In situ imaging of temperature-dependent fast and reversible nanoscale domain switching in a single-crystal perovskite

Lucas A.B. Marçal, Dmitry Dzhigaev, Zhaojun Zhang, Ella Sanders, Amnon Rothman, Edoardo Zatterin, Ewen Bellec, Tobias U. Schülli, Anders Mikkelsen, Ernesto Joselevich, Jesper Wallentin

Research output: Contribution to journalArticlepeer-review

Abstract

Metal halide perovskites exhibit a rich crystal structure, with multiple phases as well as ferroelastic domains, which is crucial for the optical and electrical properties.
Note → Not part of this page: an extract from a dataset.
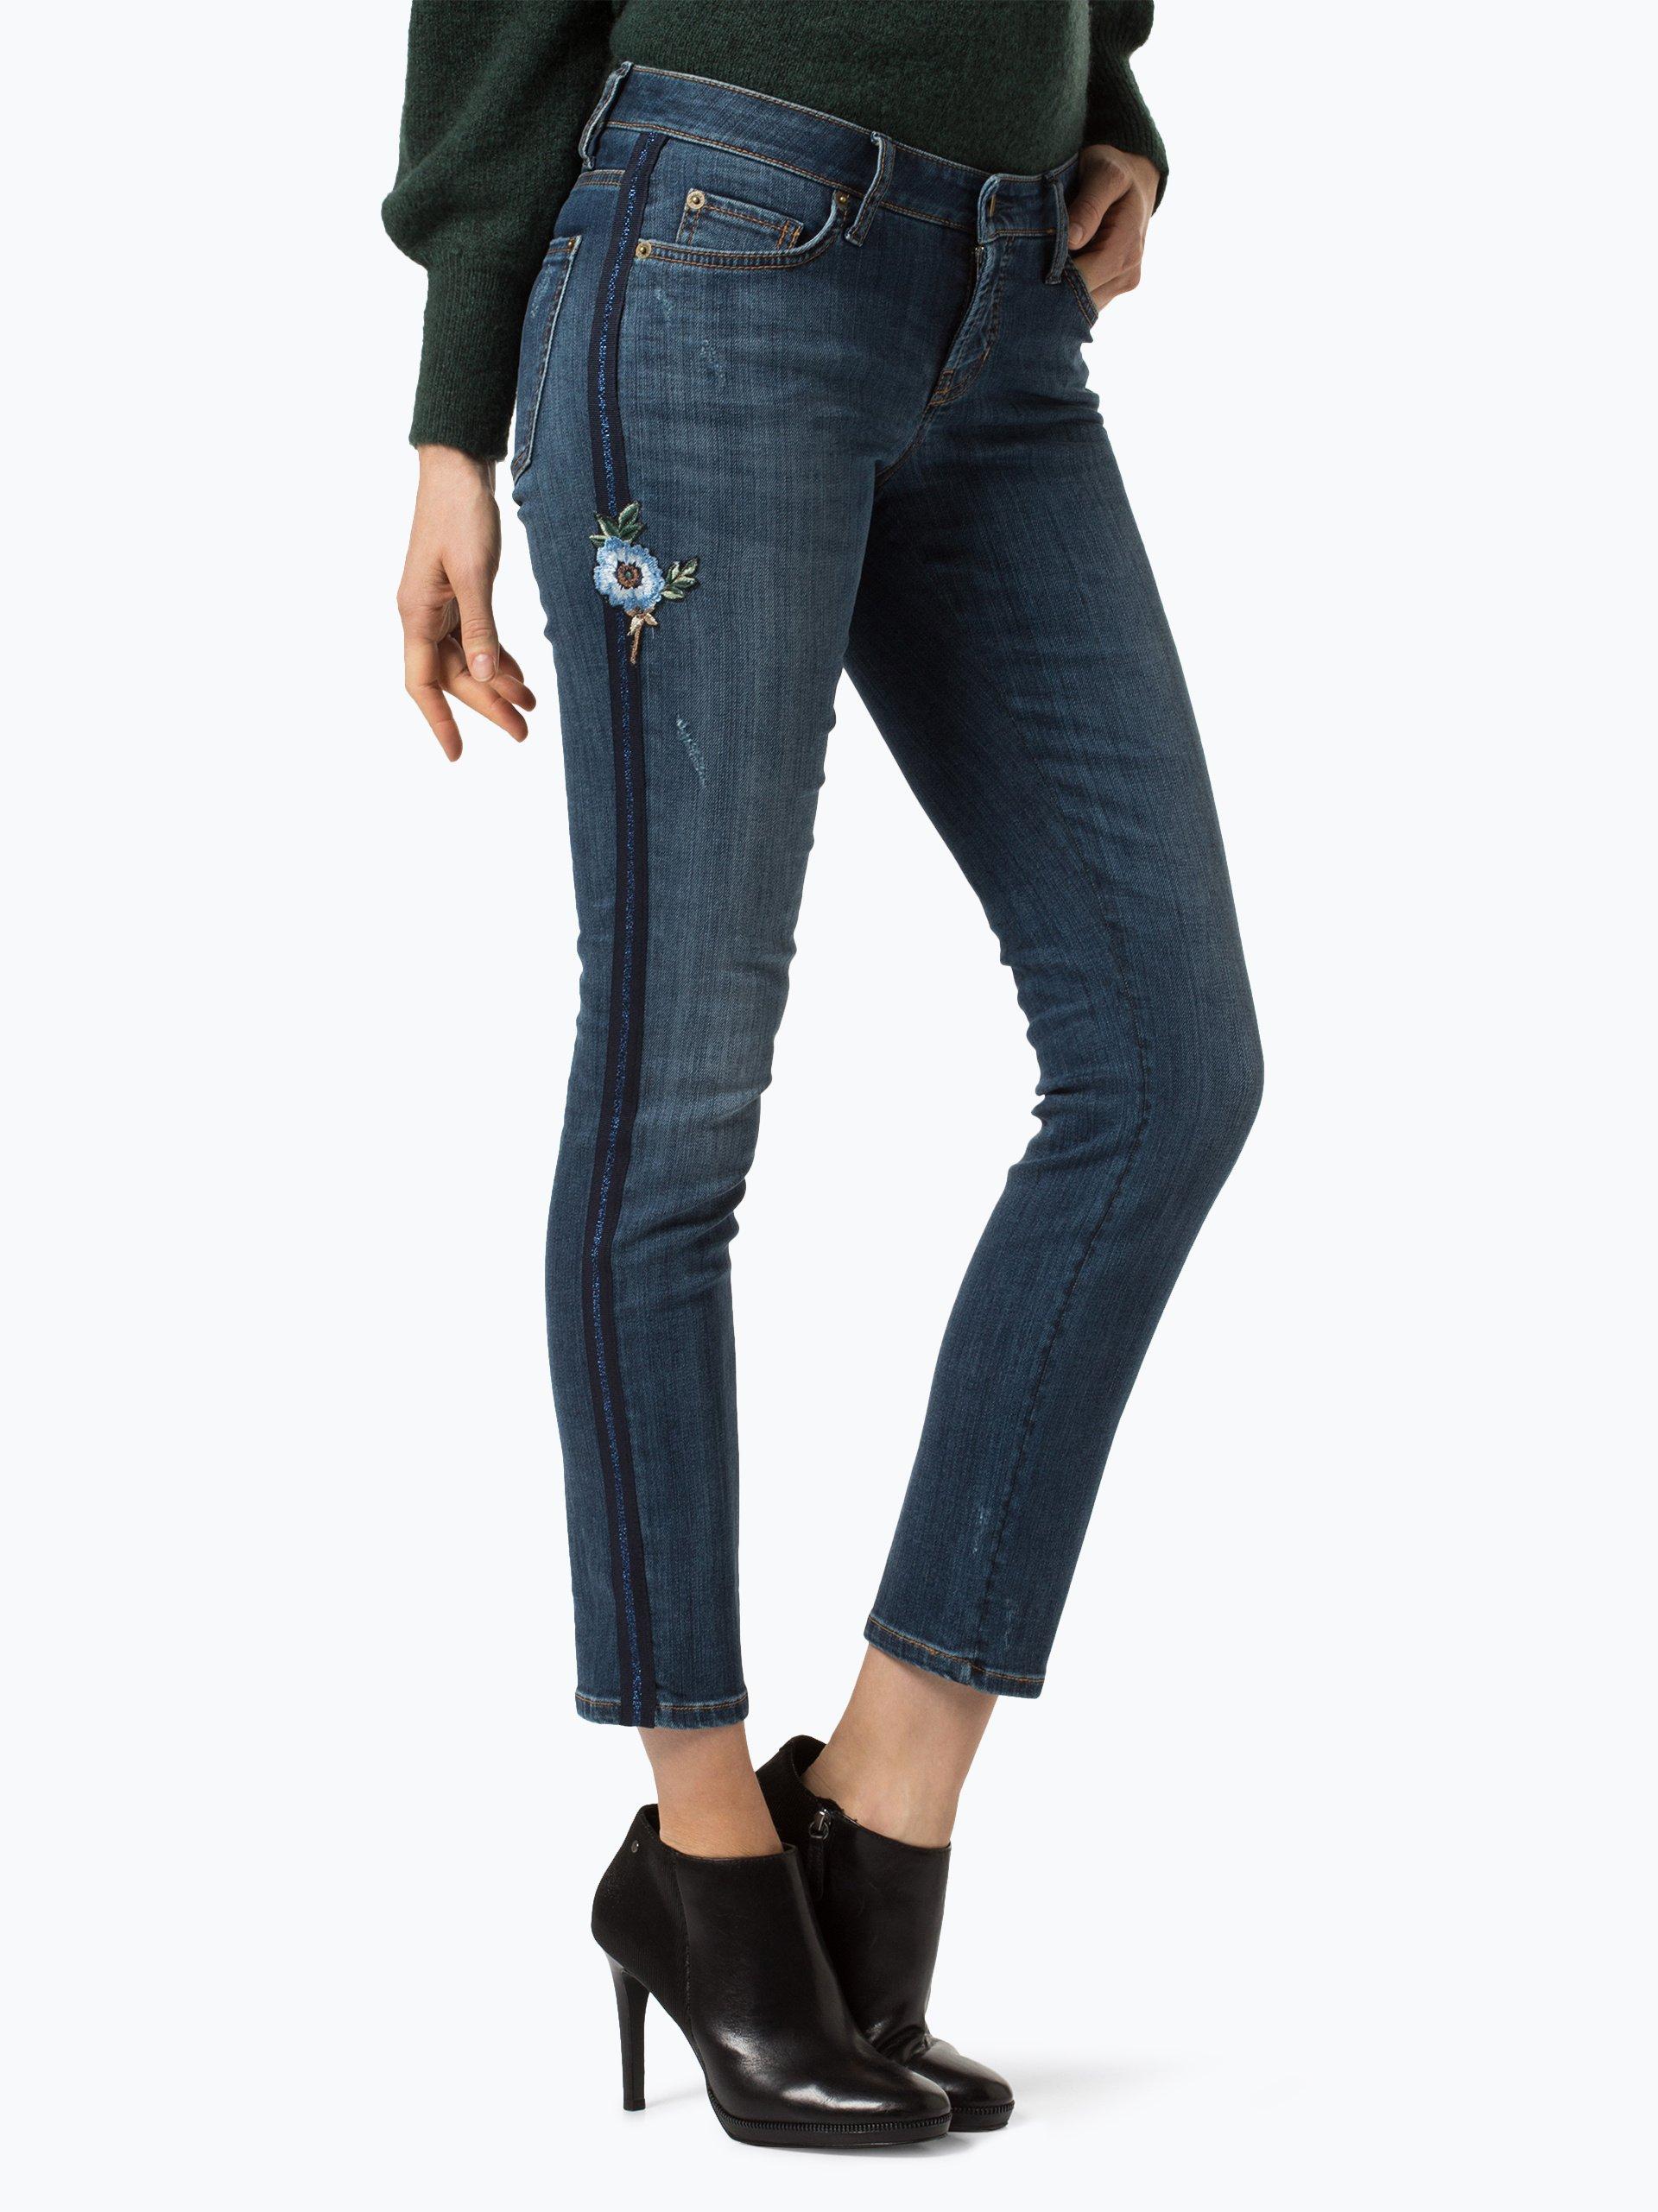 cambio damen jeans liu denim gemustert online kaufen. Black Bedroom Furniture Sets. Home Design Ideas

The average crystal phase-transition temperatures can be shifted by size, strain, or defects, but it is not clear whether such differences can also appear locally within a single crystal. The experimental study of domain dynamics within nanocrystals is challenging and requires a method capable of probing crystal lattice variations with both high spatial and temporal resolution. Here, we show that in situ full-field diffraction x-ray microscopy can be used to image domains in a single crystal CsPbBr3 nanoplatelet as the temperature traverses the orthorhombic to tetragonal phase transition, at 150 nm spatial resolution and 6 s time resolution. The images reveal sudden domain pattern changes faster than the temporal resolution. Surprisingly, we observe substantial local variations during heating, with domain changes occurring at different temperatures within the single crystal. The nanoplatelet exhibits a high-temperature domain pattern completely different from the low-temperature one, but both patterns are reproducible, and we reversibly switch between them in multiple cycles. These results demonstrate that single CsPbBr3 crystals can exhibit substantial local variation of their basic crystal properties.

Original languageEnglish
Article number054408
JournalPhysical Review Materials
Volume6
Issue number5
DOIs
Publication statusPublished - 2022 May

Bibliographical note

Funding Information:
This project has received funding from the European Research Council (ERC) under the European Union's Horizon 2020 research and innovation programme (Grant Agreement No. 801847). This research was also funded by the Olle Engkvist foundation, NanoLund, and Marie Sklodowska Curie Actions Cofund, Project INCA 600398. We acknowledge ESRF for time on the ID01 Beamline under Proposal No. MA-4714. E.J. acknowledges support from the Israel Science Foundation (Grant No. 2444/19).

Publisher Copyright:
© 2022 authors. Published by the American Physical Society. Published by the American Physical Society under the terms of the "https://creativecommons.org/licenses/by/4.0/"Creative Commons Attribution 4.0 International license. Further distribution of this work must maintain attribution to the author(s) and the published article's title, journal citation, and DOI. Funded by "https://www.kb.se/samverkan-och-utveckling/oppen-tillgang-och-bibsamkonsortiet/bibsamkonsortiet.html"Bibsam.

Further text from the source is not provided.